As an example of this, I have a friend who is a detective...When he goes in to an interrogation, he brings a HUGE thick folder full of, what appears to be, photographs, statements, finger prints.  He puts the name of the person he is interrogating on the cover, along with the case name.  This HUGE pile of "evidence" appears to be massive.  If you looked at it closely, you'd see it had absolutely NOTHING to do with the case at all.  It's a prop.  But to the suspect, it looks as if the evidence is overwhelmingly damning.  It's the "illusion" of evidence, by shear volume of material.  

Now, knowing that trick, I don't fall for the "mountain of evidence" gag.  I demand proof, in detail.  Nobody fools me by pointing to a "mountain of evidence" and expecting me to take their word that "it's ALL in there".


----------



## Makalakumu (Nov 20, 2005)

Name a single vote?  40% of the machines leave absolutely no paper trail.  How would one "check" anything about those votes?  A single vote among millions?  I don't see how that could be a more powerful tool then the statistics.  

Anyway, the information you want to discuss in located in the Congressional report.  Specific individuals who saw there vote change from Kerry to Bush on an e-voting machine testified under oath about it.


----------



## sgtmac_46 (Nov 20, 2005)

upnorthkyosa said:
			
		

> Name a single vote? 40% of the machines leave absolutely no paper trail.
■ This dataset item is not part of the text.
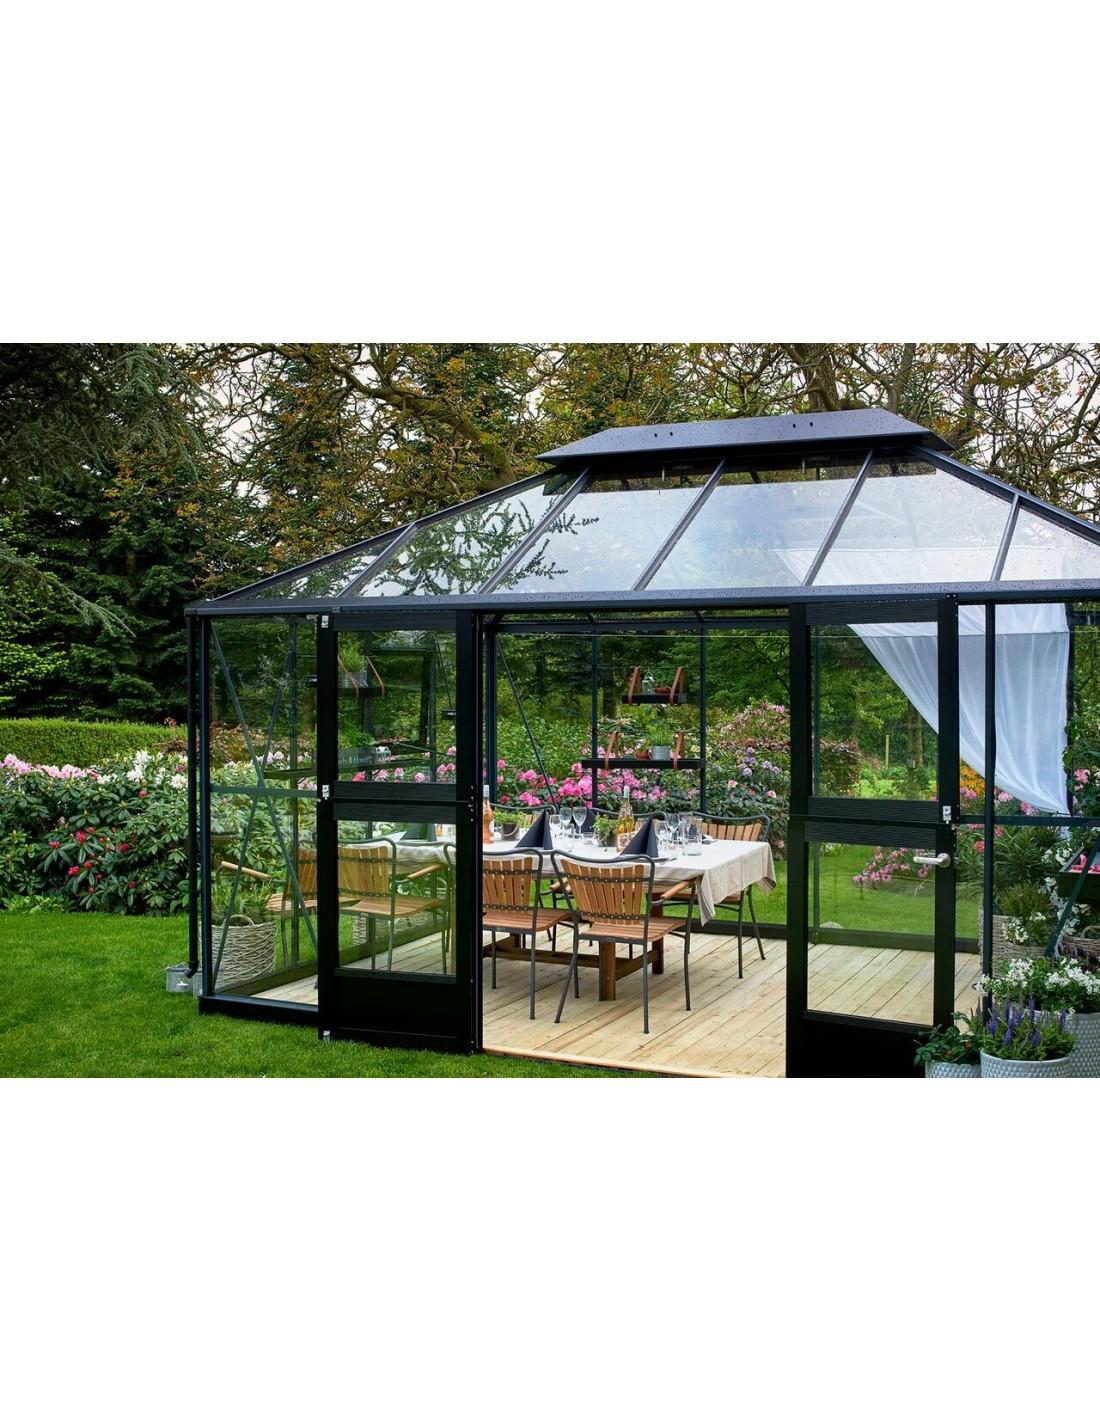 serre oase juliana verre tremp naturel ou anthracite de 13 m. Black Bedroom Furniture Sets. Home Design Ideas
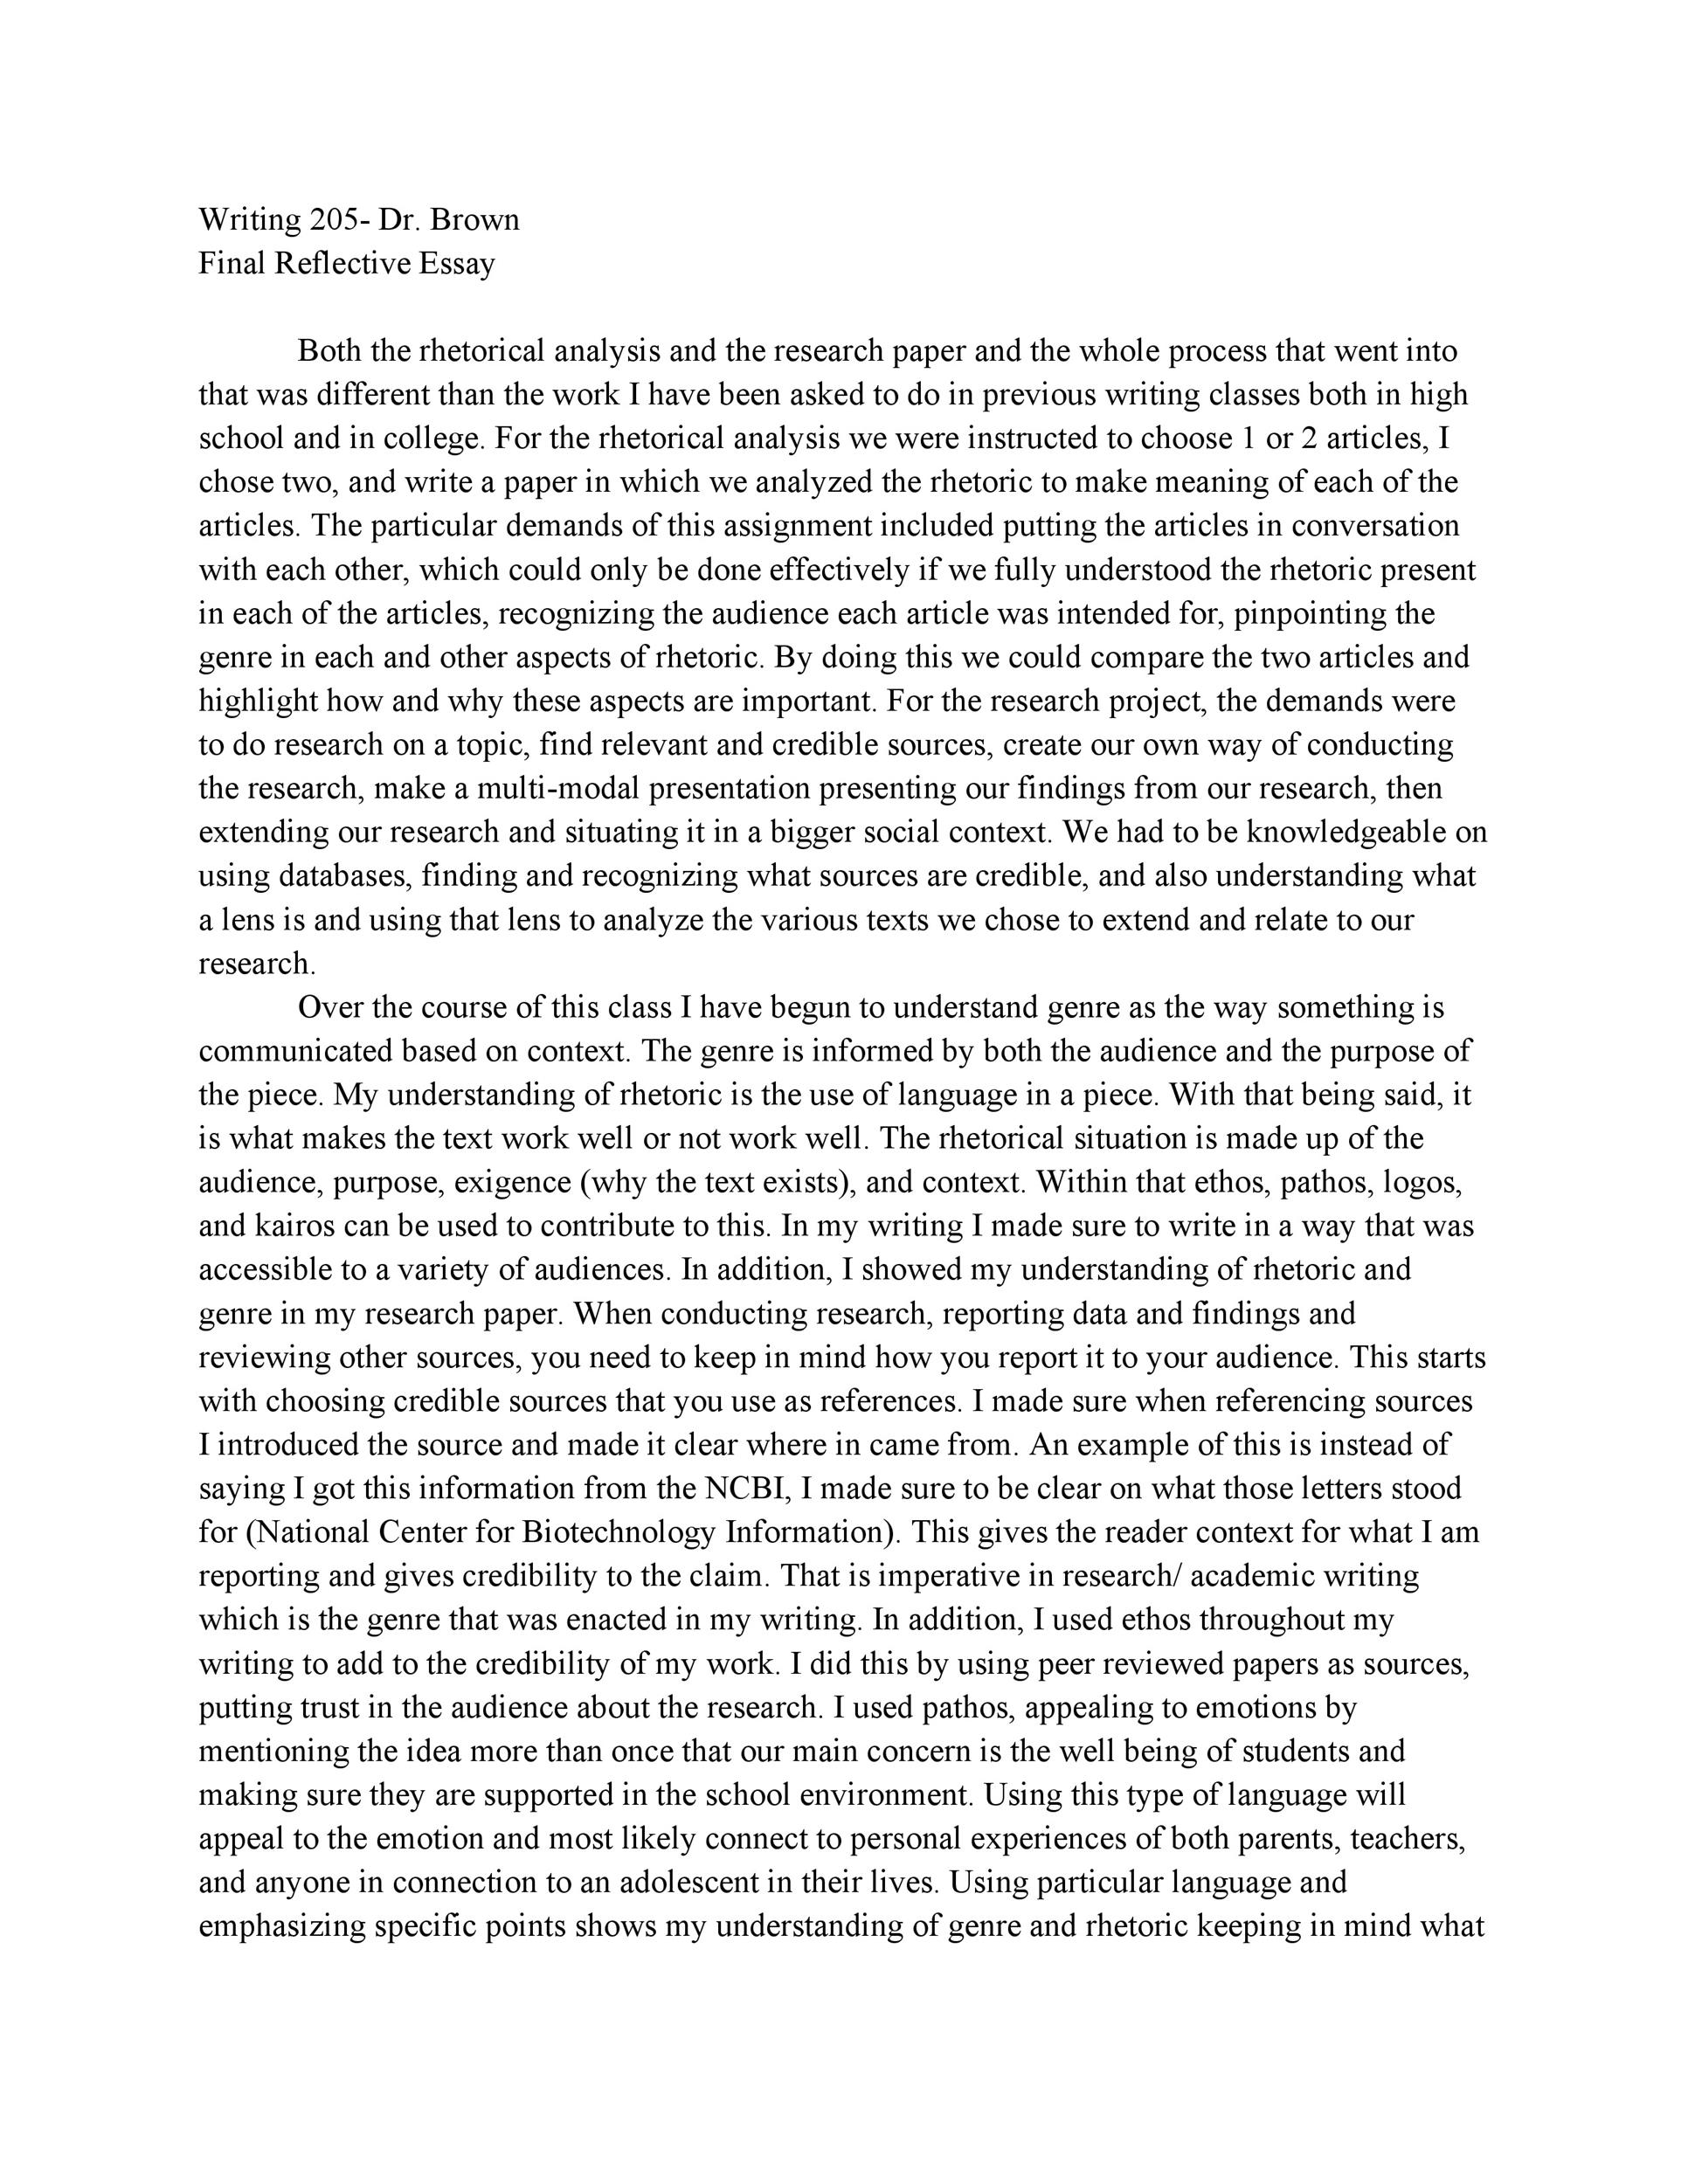 Free reflective essay example 37

How would one "check" anything about those votes? A single vote among millions? I don't see how that could be a more powerful tool then the statistics.
> 
> Anyway, the information you want to discuss in located in the Congressional report. Specific individuals who saw there vote change from Kerry to Bush on an e-voting machine testified under oath about it.


 But your "statistics" don't show anything. They certainly don't show that anyone attempted to defraud the election.  It is not evidence of anything, and it's been distorted and manipulated.  It's all insinuation, hyperbole and innuendo.  

In the end, you don't have one single shred of direct evidence of ANYTHING. Not ONE shred of evidence to support your claim, other than nebulous and unvarifiable anecdotal stories by biased sources?  You've claimed that person(s) have engaged in a concerted effort to defraud and disinfanchise and ENTIRE country, and yet you don't have one single shred of evidence to support even ONE single incident where this took place, other than "The numbers just don't make sense to me"....Interesting.  

Allegations that are vague, over-generalized, and unsupportable....are usually bogus.


----------



## Makalakumu (Nov 20, 2005)

sgtmac_46 said:
			
		

> But your "statistics" don't show anything. It's all insinuation and innuendo. So you're admitting you don't have ONE shred of evidence to support your claim, other than nebulous and unvarifiable anecdotal stories by biased sources?


 
I don't admit that at all and I pointed you in the direction of some verifiable data.  The sampling of things that ended up in the congressional report are only the tip of the iceberg.  You know what, we've been around this tree before.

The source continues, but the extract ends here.